What this book covers
Chapter 1, Introduction to NLP, is an introductory chapter that explains the development from Natural Language Understanding (NLU) and Natural Language Generation (NLG) to NLP. It briefs the core techniques including text pre-processing, LSA/LSI, Word2Vec, Doc2Vec, LDA, Ensemble LDA, and BERTopic. It presents the open source NLP modules Gensim, Scikit-learn, and Spacy.
Chapter 2, Text Representation, starts with the basic step of text representation. It explains the motivation from one-hot encoding to Bag-of-words (BoW) and Term Frequency-Inverse Document Frequency (TF-IDF). It demonstrates how to perform BoW and TF-IDF with Gensim, Scikit-learn, and NLTK.
Chapter 3, Text Wrangling and Preprocessing, presents the essential text pre-processing tasks: (a) tokenization, (b) lowercase conversion, (c) stop words removal, (d) punctuation removal, (e) stemming, and (f) lemmatization. It guides you to perform the pre-processing tasks with Gensim, spaCy, and NLTK.
Chapter 4, Latent Semantic Analysis with scikit-learn, presents the theory of LSA/LSI. This chapter introduces Singular Vector Decomposition (SVD), Truncated SVD, and Truncated SVD’s application to LSA/LSI. This chapter uses Scikit-learn to illustrate the transition of Truncated SVD to LSA/LSI explicitly.
Chapter 5, Cosine Similarity, is dedicated to explaining this fundamental measure in NLP. Cosine similarity, among other metrics such as Euclidean distance or Manhattan distance, measures the similarity between embedded data in the vector space. This chapter also indicates the applications of cosine similarity for image comparison and querying.

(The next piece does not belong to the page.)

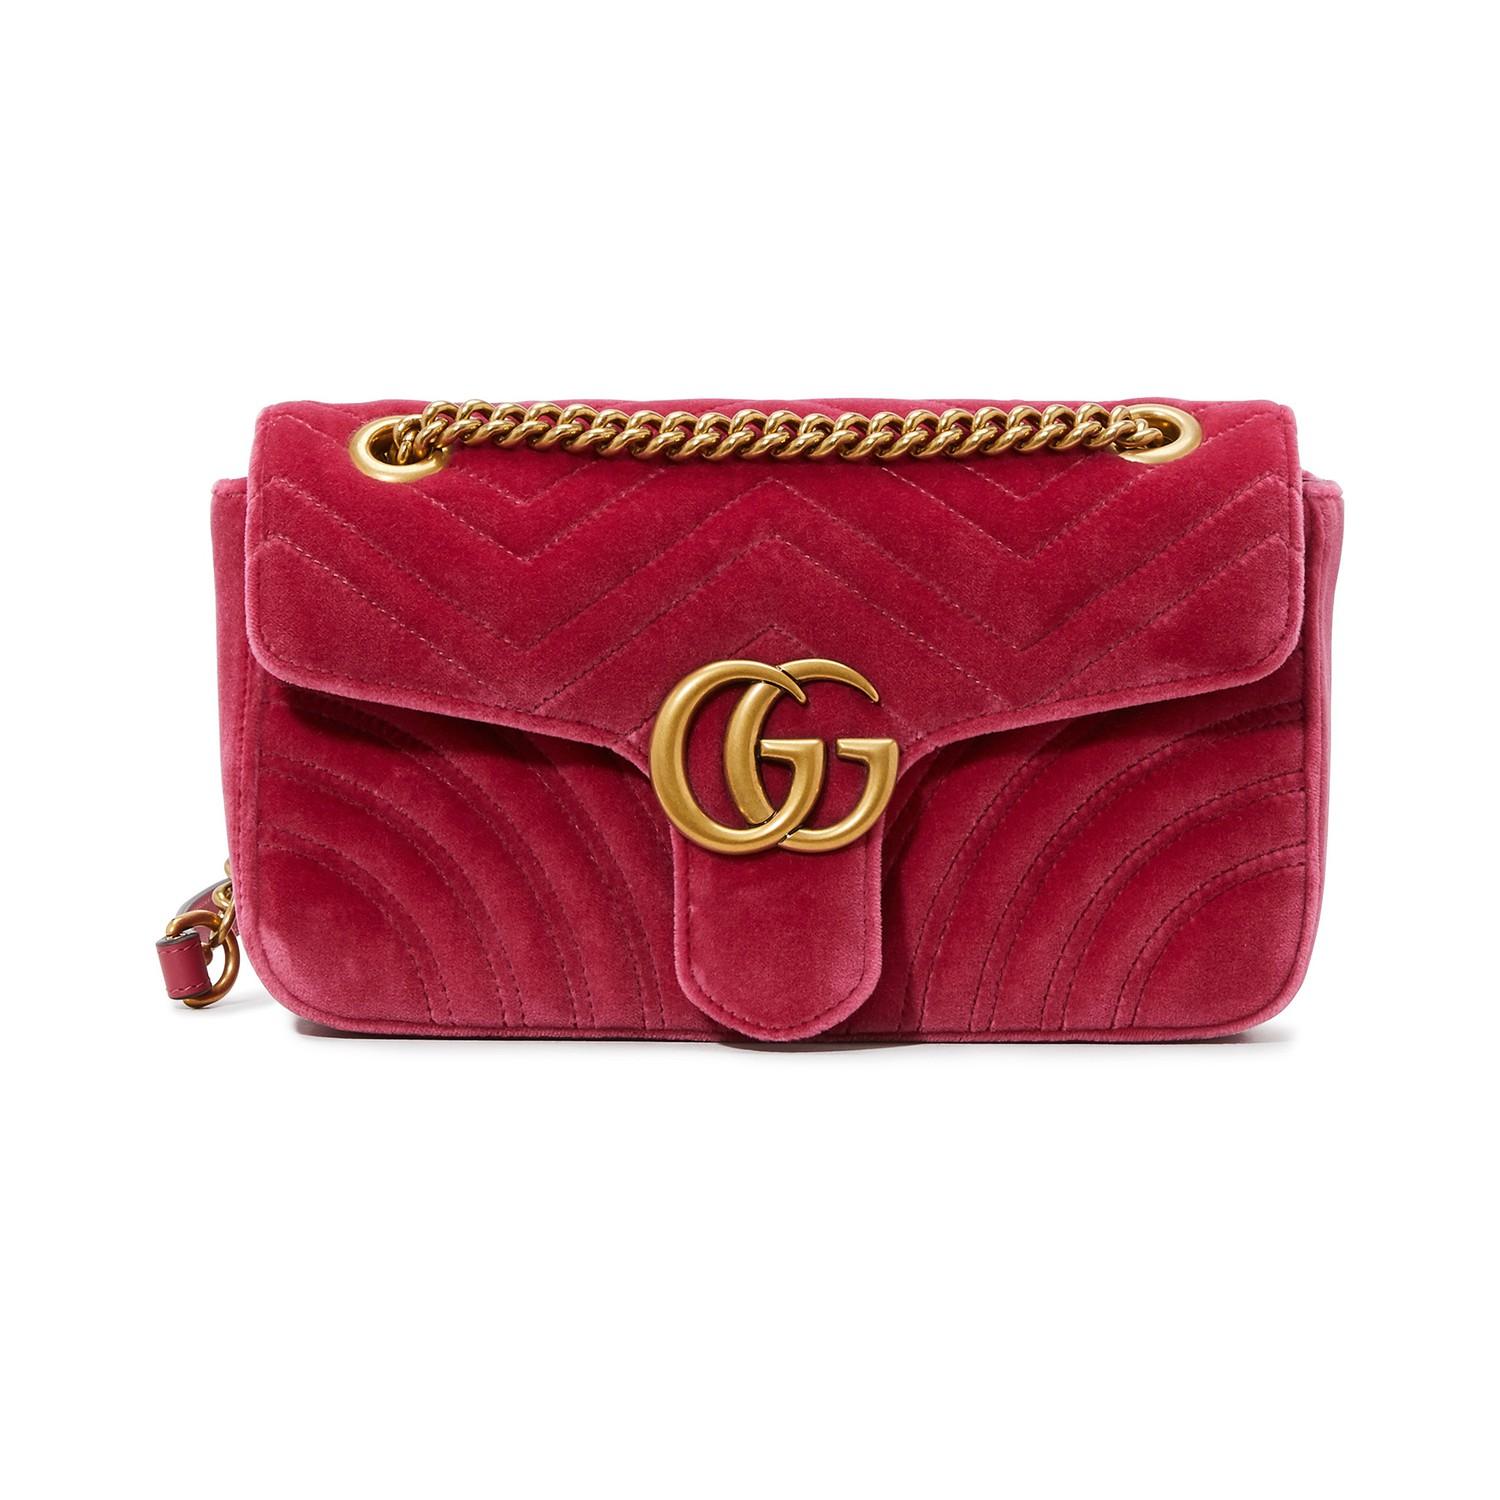 Gucci GG Marmont Velvet Shoulder Bag in Pink - Save 13% - Lyst

Chapter 6, Latent Semantic Indexing with Gensim, builds an LSA/LSI model with Gensim. This chapter introduces the concept of coherence score that determines the optimal number of topics. It shows how to score new documents with the use of cosine similarity to add to an information retrieval tool.
Chapter 7, Using Word2Vec, introduces the milestone Word2Vec technique and its two neural network architectural variations: Continuous Bag-of-Word (CBOW) and Skip Gram (SG). It illustrates the concept and operation for word embedding in the vector space. It guides you to build a word2Vec model and prepares it as part of an informational retrieval tool. It visualizes word vectors of a Word2Vec model with t-SNE and TensorBoard (by TensorFlow). This chapter ends with the comparisons of Word2Vec with Doc2Vec, GloVe, and FastText.
Chapter 8, Doc2Vec with Gensim, presents the evolution from Word2Vec to Doc2Vec. It details the two neural network architectural variations: Paragraph Vector with Distributed Bag-of-words (PV-DBOW) and Paragraph Vectors with Distributed Memory (PV-DM). It guides you to build a Doc2Vec model and prepares it as part of an informational retrieval tool
Chapter 9, Understanding Discrete Distributions, introduces the discrete distribution family including Bernoulli, binomial, multinomial, beta, and Dirichlet distribution. Because the complex distributions are the generalization of the simple distributions, this sequence helps you to understand Dirichlet distribution. The fact that ‘Dirichlet’ is in the title of LDA tells us its significance. This chapter helps you understand LDA in the next chapter.
Chapter 10, Latent Dirichlet Allocation, presents the LDA algorithm, including the structural design of LDA, generative modeling, and Variational Expectation-Maximization.
Chapter 11, LDA Modeling, demonstrates how to build an LDA model, perform hyperparameter turning, and determine the optimal number of topics. You will learn the steps to apply an LDA model to score new documents as part of an informational retrieval tool.
Chapter 12, LDA Visualization, presents the visualization for LDA. This chapter starts with a design thinking for the rich content of a topic model. Then it shows how to use pyLADviz
for visualization.
Chapter 13, The Ensemble LDA for Model Stability, investigates the root causes of the instability of LDA. It explains the Ensemble approach for LDA and the use of Checkback DBSCAN, a clustering algorithm, to deliver a stable set of topics.
Chapter 14, LDA and BERTopic, presents the BERTopic modeling technique that uses an LLM-based BERT algorithm for word embeddings, UMAP for dimensionality reduction for word embedding, HDBSCAN for topic clustering, c-TFIDF for word presentation for topics, and MMR to fine-tune the word representation for topics. It guides you through BERT modeling, visualization, and scoring new documents for topics.
Chapter 15, Real-World Use Cases, presents seven NLP projects in healthcare, medical, legal, finance, and social media. By learning these NLP solutions, you will be motivated to apply code notebooks of this book to perform similar jobs or apply to your future applications.